まず、物価を見てみましょう。最新の消費者物価指数(2020年基準)によれば、2025年8月分の総合指数は約112.1。一方、2010年当時は約94.6です。
この指数は、2020年の物価を100とした場合の相対的な数値を示しています。これをみると、2010年から2020年までの10年間より、2020年から2025年までの5年間のほうが上昇率が高く、近年より急激に物価が上がっているということがわかります。
個別の指数をみても、いずれも軒並み上昇しています。
[図表2]品目別消費者物価指数の比較(2010年/2025年) 出所:総務省「消費者物価指数」をもとに筆者作成
また、子育て世帯に大きな影響をおよぼしているのが住宅事情です。
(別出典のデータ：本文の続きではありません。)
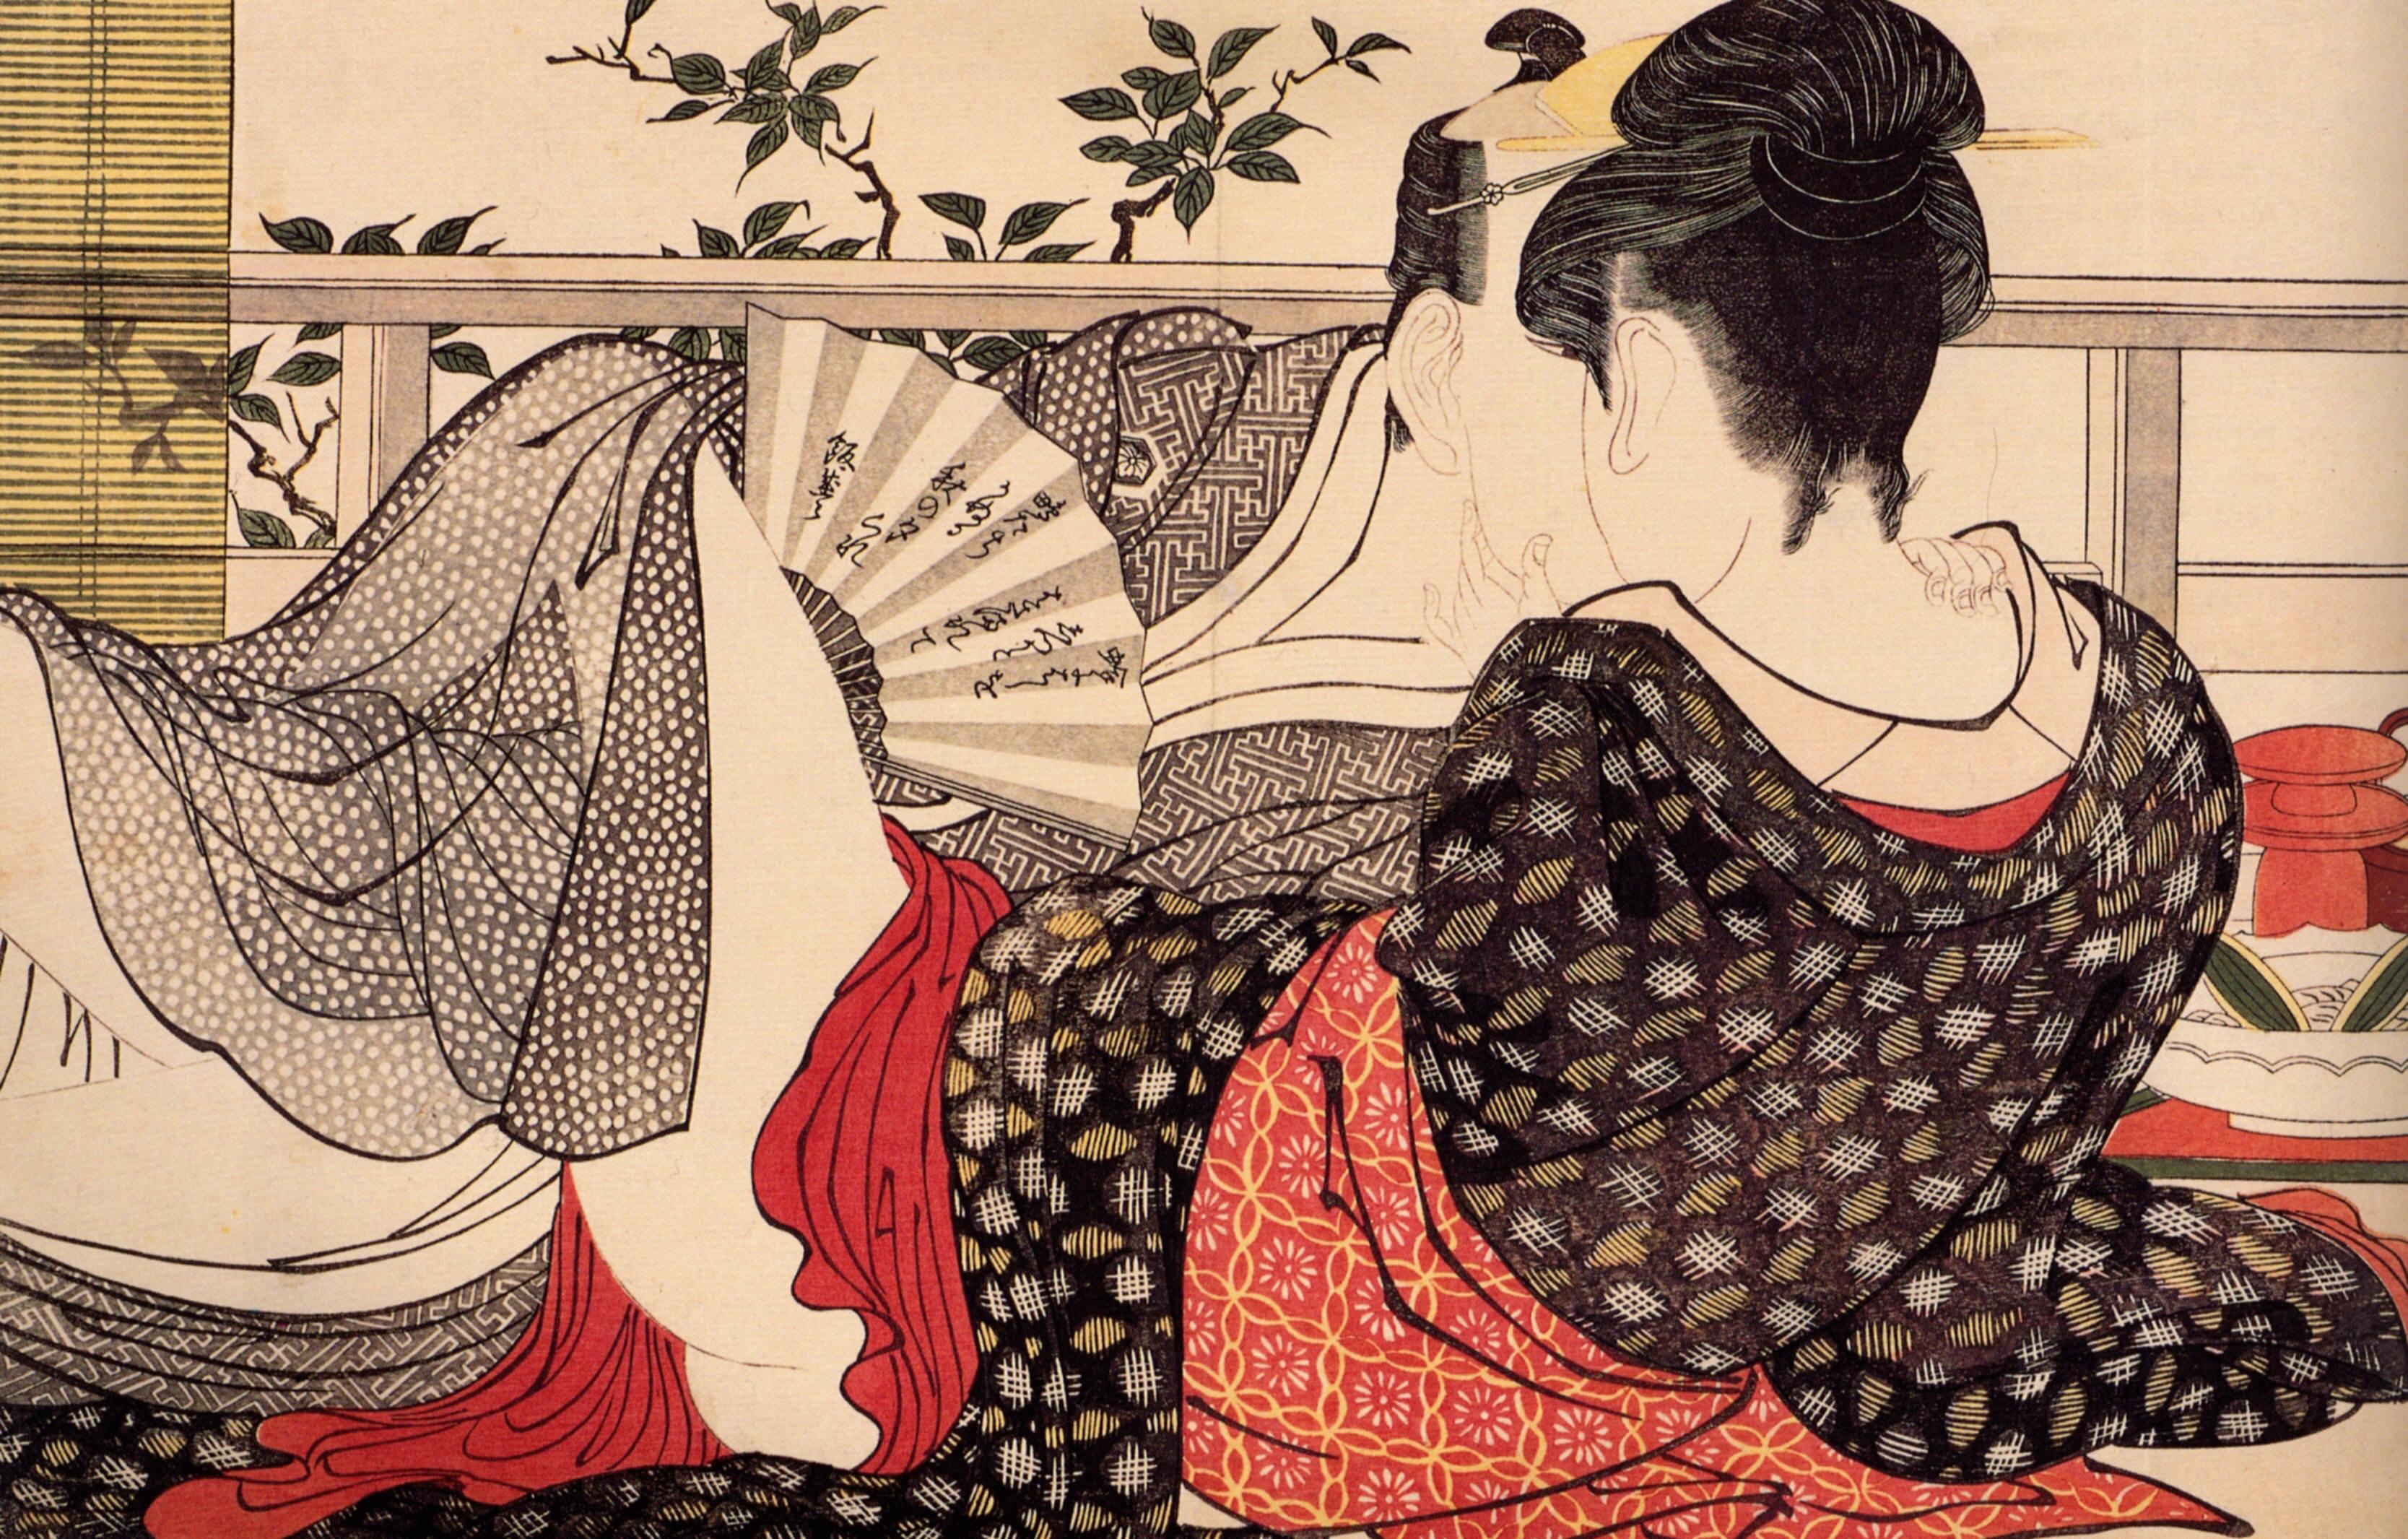 Китагава Утамаро (Kitagawa Utamaro) - японский художник

2025年8月、首都圏の新築分譲マンションの平均価格は1億325万円ですが、2010年当時の平均価格は約4,716万円。当時としても決して低くはない水準でしたが、15年のあいだに価格は2倍以上となり、いまでは「同じ広さ・同じ質」の住まいを手に入れることが難しくなっています。
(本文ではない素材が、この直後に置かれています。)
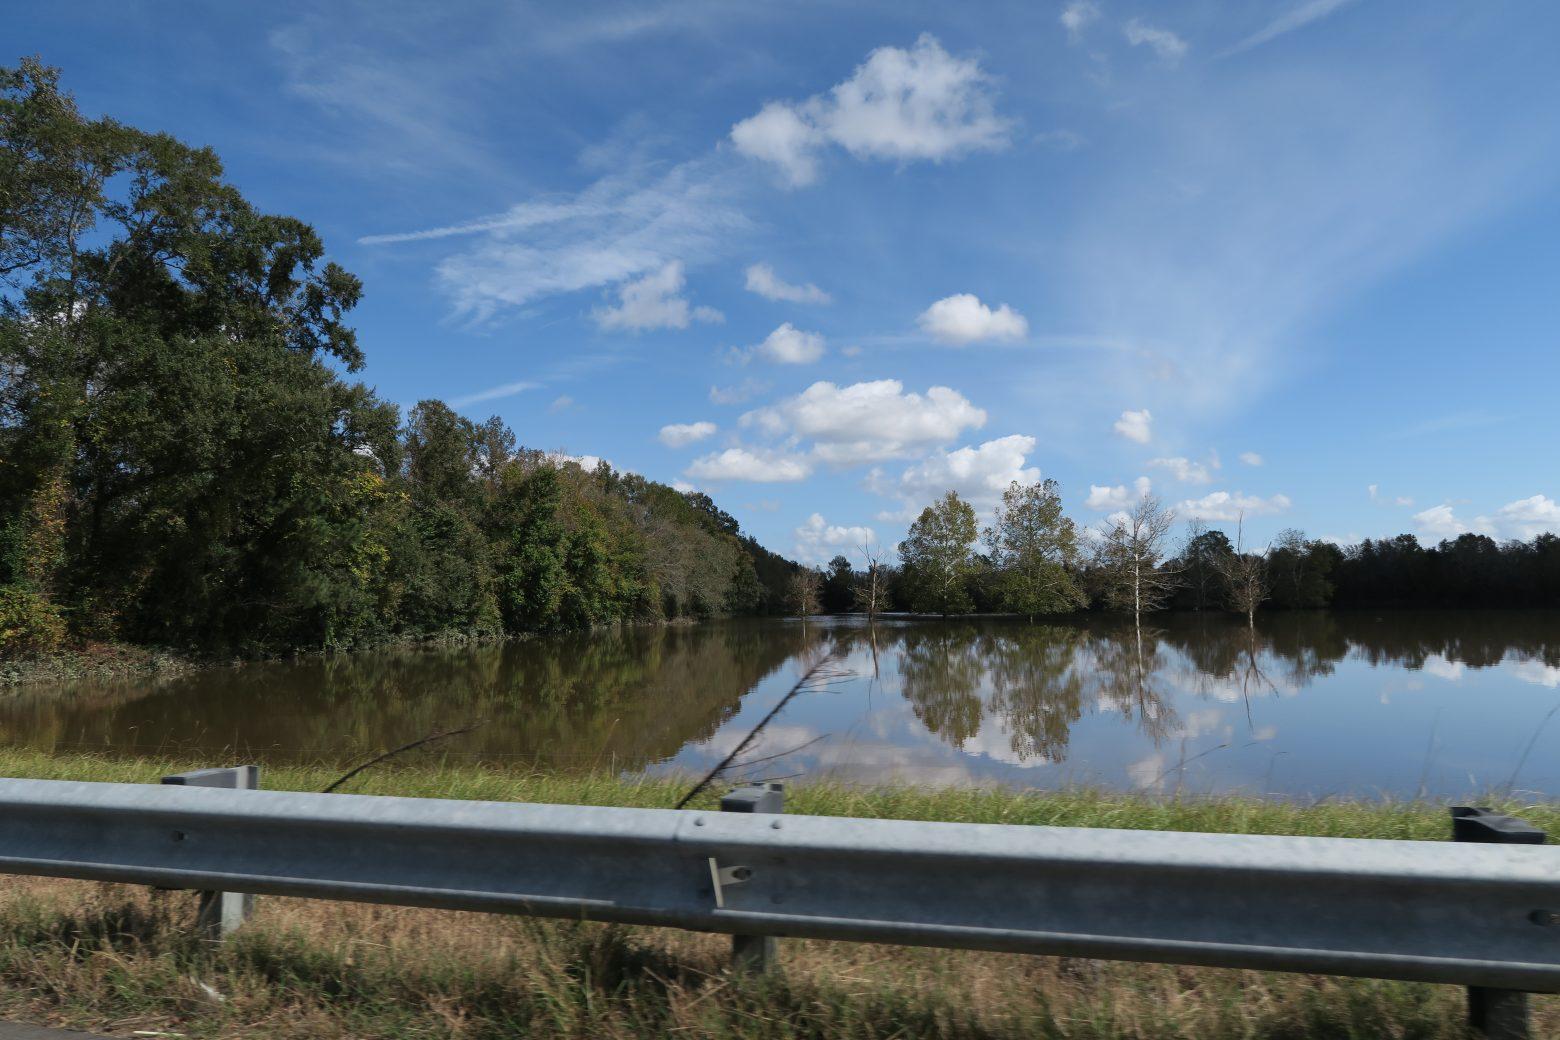 Wayne County Flooding 10.10.16 (40)

つまり、たとえ保育料が無償となって「浮いたお金」ができたとしても、それだけで家庭に経済的なゆとりが生まれるわけではないのです。光熱費や食費、住居ローンに家賃、さらには教育費が、家計をじわじわ圧迫しています。
保育料無償化は子育て支援という観点としては大きな一歩ですが、あくまで支援策のひとつであるという認識が必要です。子育て世帯に限らず、すべての世帯を取り巻く「生活全体のコスト増」にも目を向けなければなりません。
「私のころは保育料が高かったし、制度も整ってなくて本当に苦労した。だけど、いまは物価も上がってるし、教育費だって昔よりずっとかかる。結局、どの世代も違う形で苦労しているのかもしれない……じゃあ、結局なにも変わらないのかな」
保育料無償化は“無意味”なのか?
もちろん、今回の「第一子からの無償化」は、子育て世帯にとって大きな前進です。
仮に月5万円の保育料がゼロになれば、出産や育児に対する経済的・心理的なハードルが下がって「子どもを持とう」と思う人が増えるかもしれません。少子化対策としても、一定の効果が期待できるでしょう。
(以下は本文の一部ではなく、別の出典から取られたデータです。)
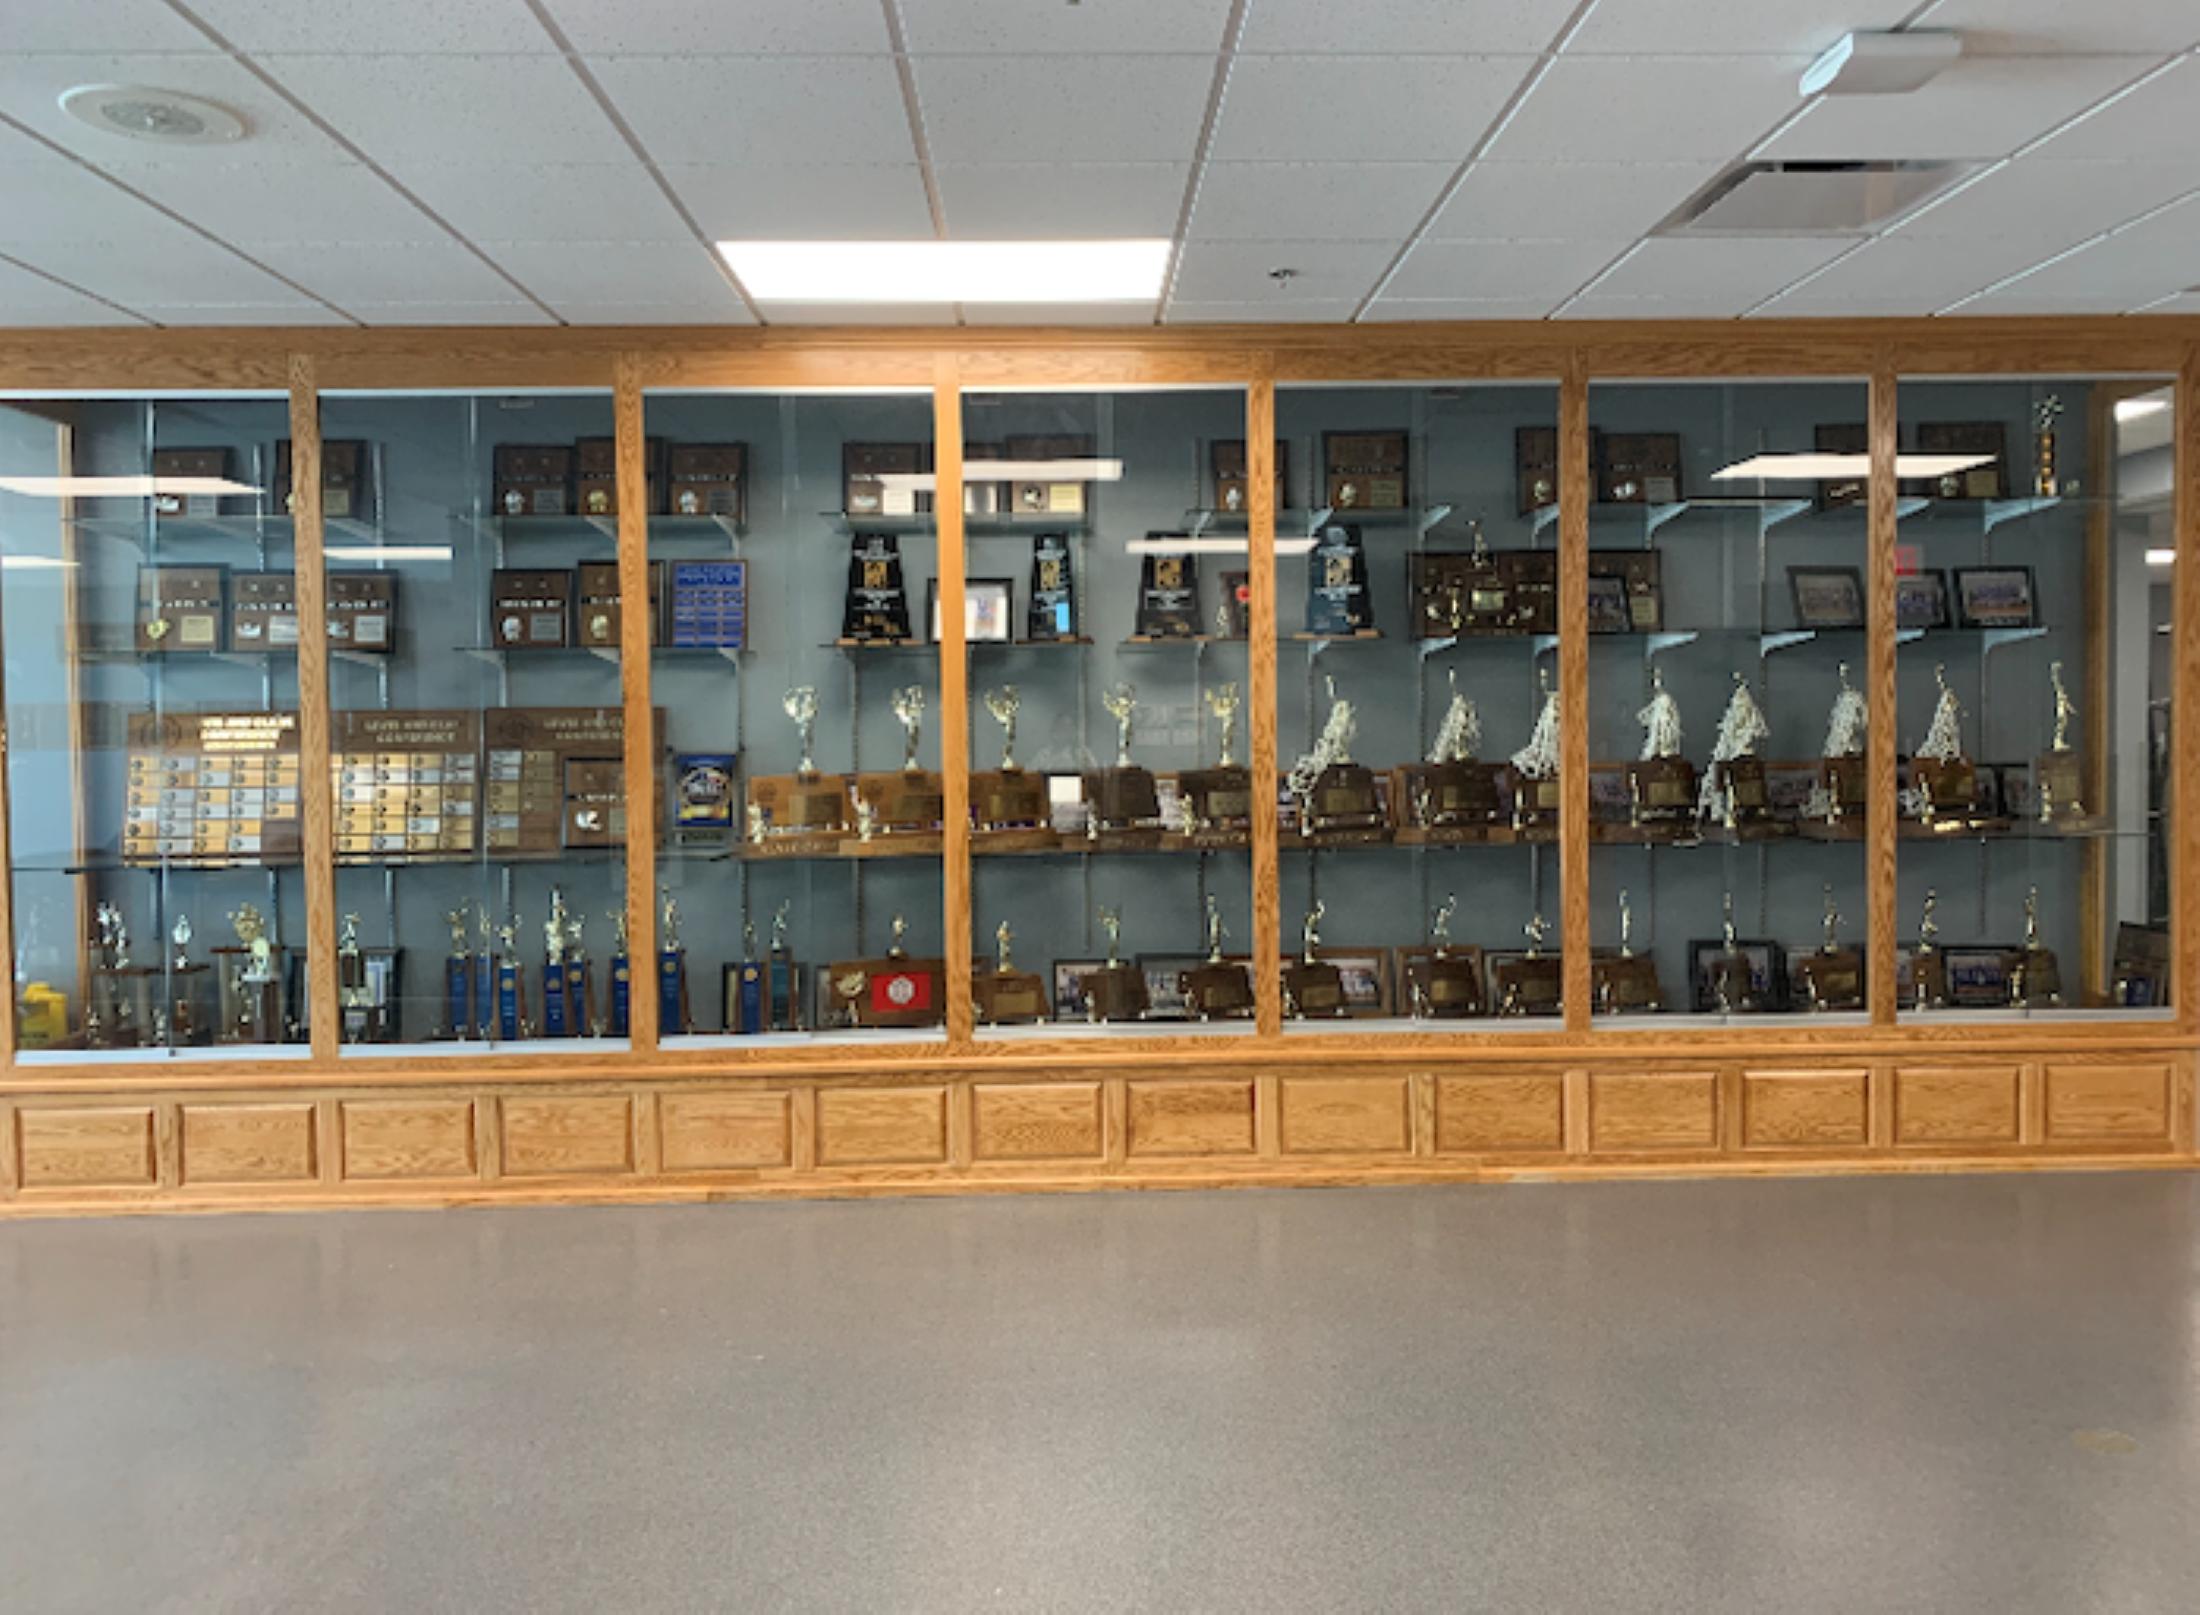 trophies 1 - Wynot Public Schools taking preventative measures against COVID-19

また、これまでは「子どもを持つことは各家庭の選択であり、費用負担も自己責任」という考えが根強くありました。しかし、少子化が社会全体の課題となっているいま、支援制度の整備は「社会全体で子育てを支える」方向への転換を示しています。
孤立しがちな子育て世帯にとって、大きな希望につながるのではないでしょうか。
「子育ての壁」を取り払うために
ただし、子どもを持つという選択を支えるのは、保育料の問題だけではありません。住宅費や教育費、働き方、どの世代にもなにかしら「子育ての壁」があるでしょう。保育料無償化は、その壁を一部取り払ったにすぎません。
それでも、こうした一歩一歩の積み重ねが、子どもを育てたいと思える社会につながっていくはずです。制度の先に、本当にそんな社会があるのか――。
私たち1人ひとりがその未来どう描き、どう行動していくのか。それこそが、これからの大きな課題なのではないでしょうか。